• [TASK REQUIREMENTS]:
Print the listing exactly as it stands. Skip every picture.

--- DATASET SECTION Enclosed Below ---

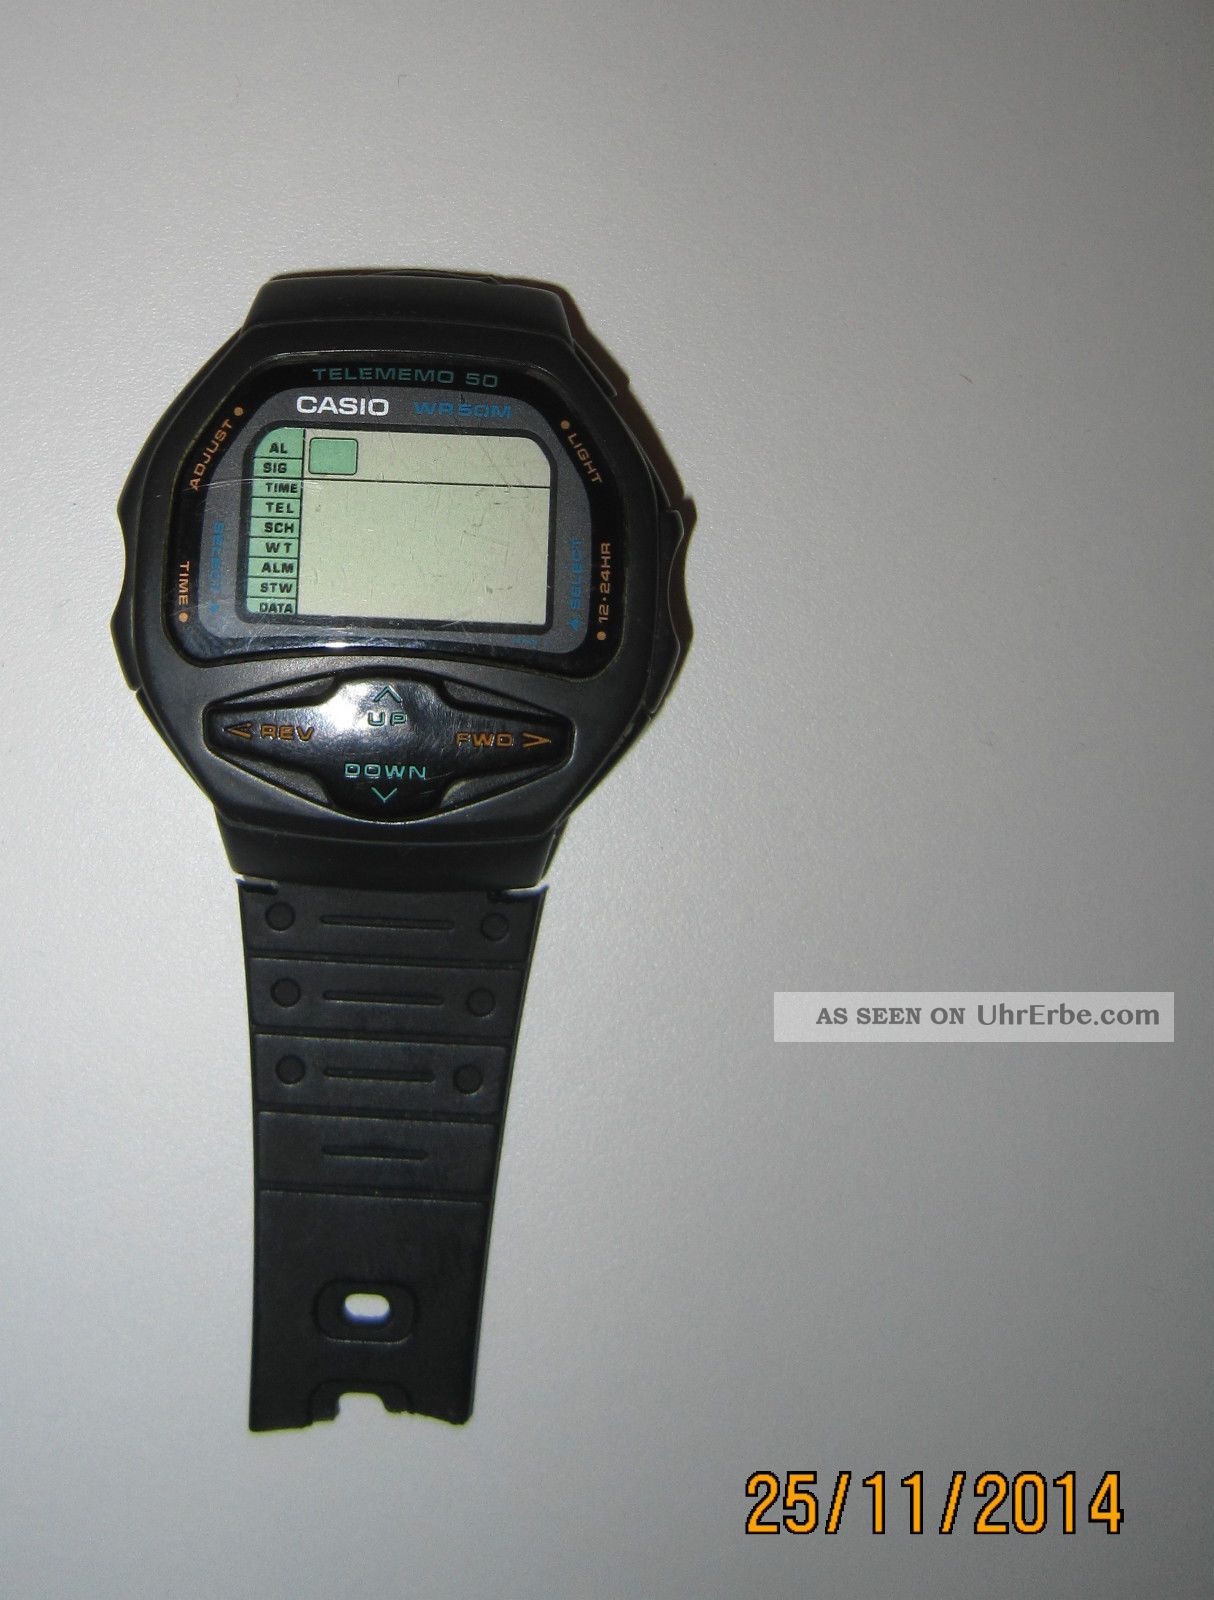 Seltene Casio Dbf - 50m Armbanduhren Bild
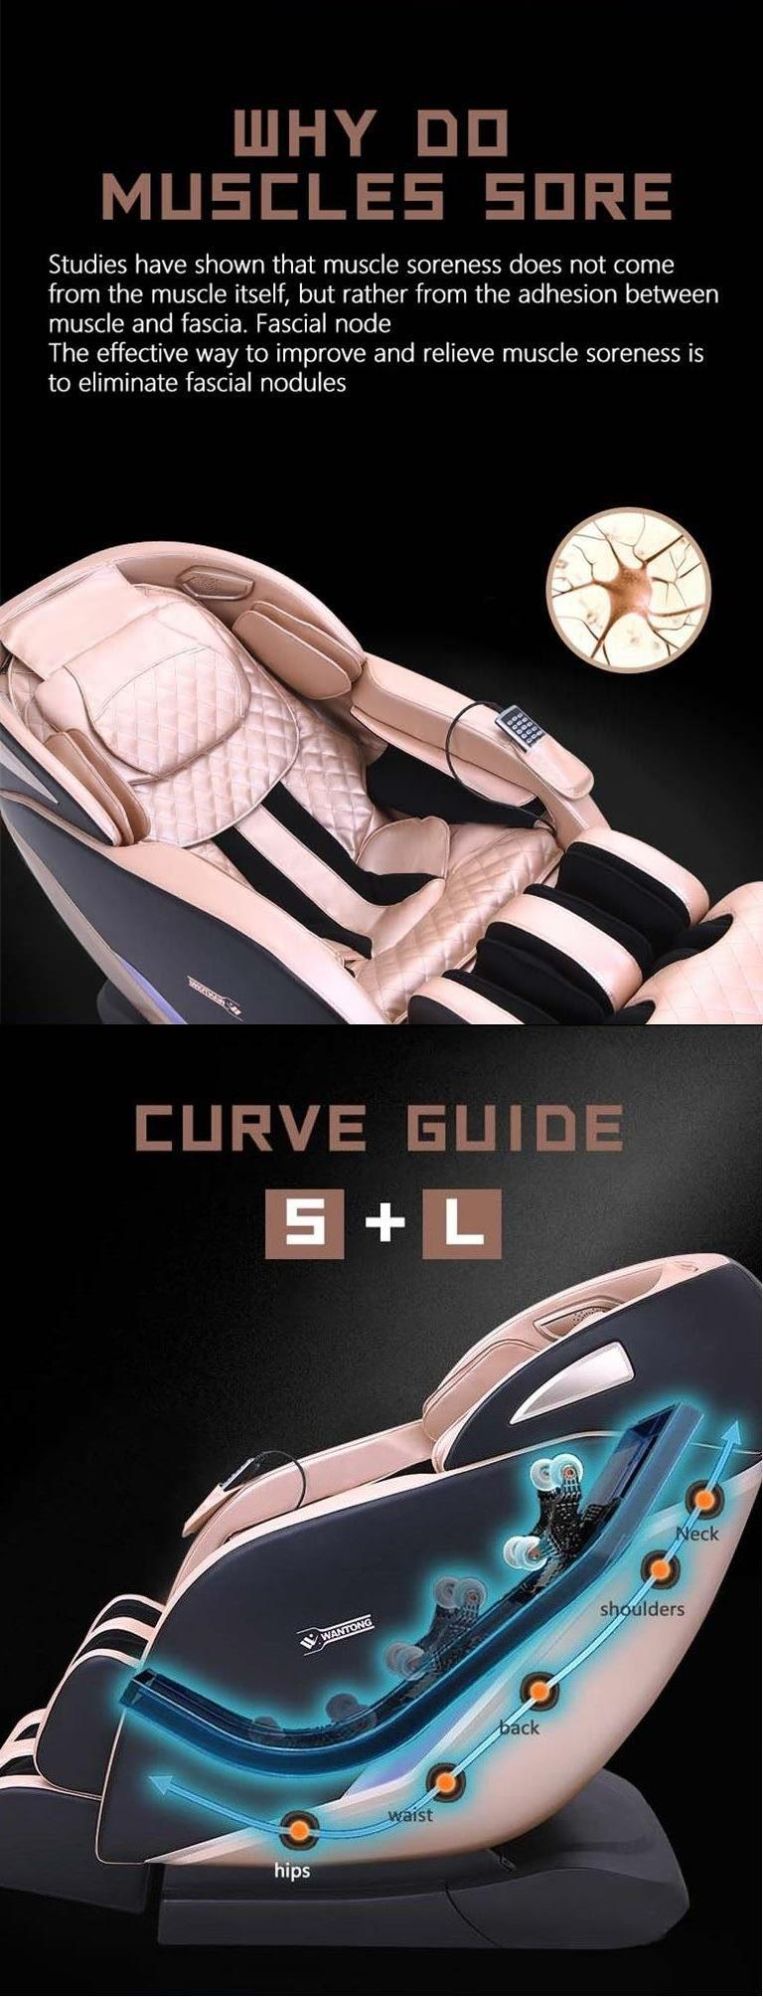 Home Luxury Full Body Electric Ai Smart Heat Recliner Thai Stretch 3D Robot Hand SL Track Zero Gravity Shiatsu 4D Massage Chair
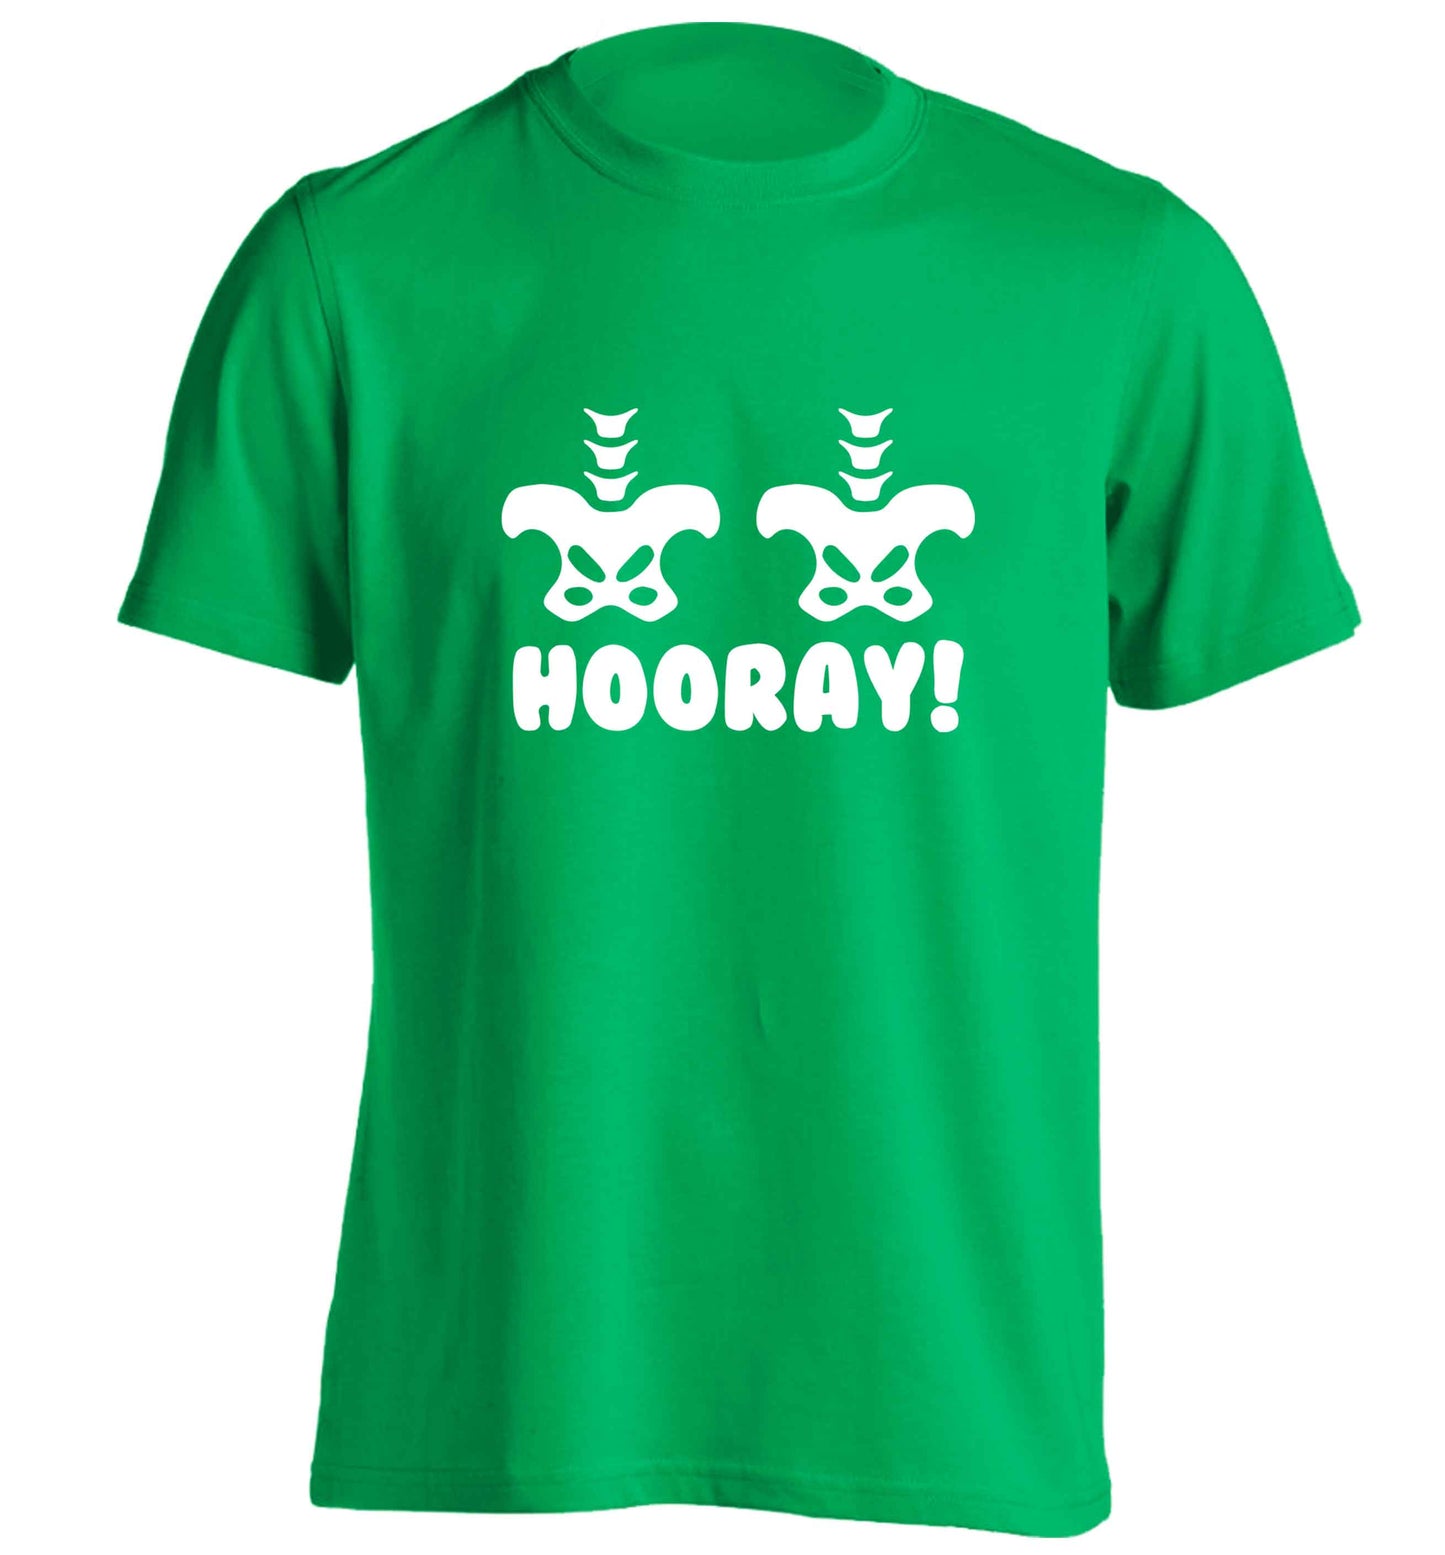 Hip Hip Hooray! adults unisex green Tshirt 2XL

--- End of Enclosed DATASET SECTION ---

• [REPLY]:
 Seltene Casio Dbf - 50m Armbanduhren Bild
 Home Luxury Full Body Electric Ai Smart Heat Recliner Thai Stretch 3D Robot Hand SL Track Zero Gravity Shiatsu 4D Massage Chair
 Hip Hip Hooray! adults unisex green Tshirt 2XL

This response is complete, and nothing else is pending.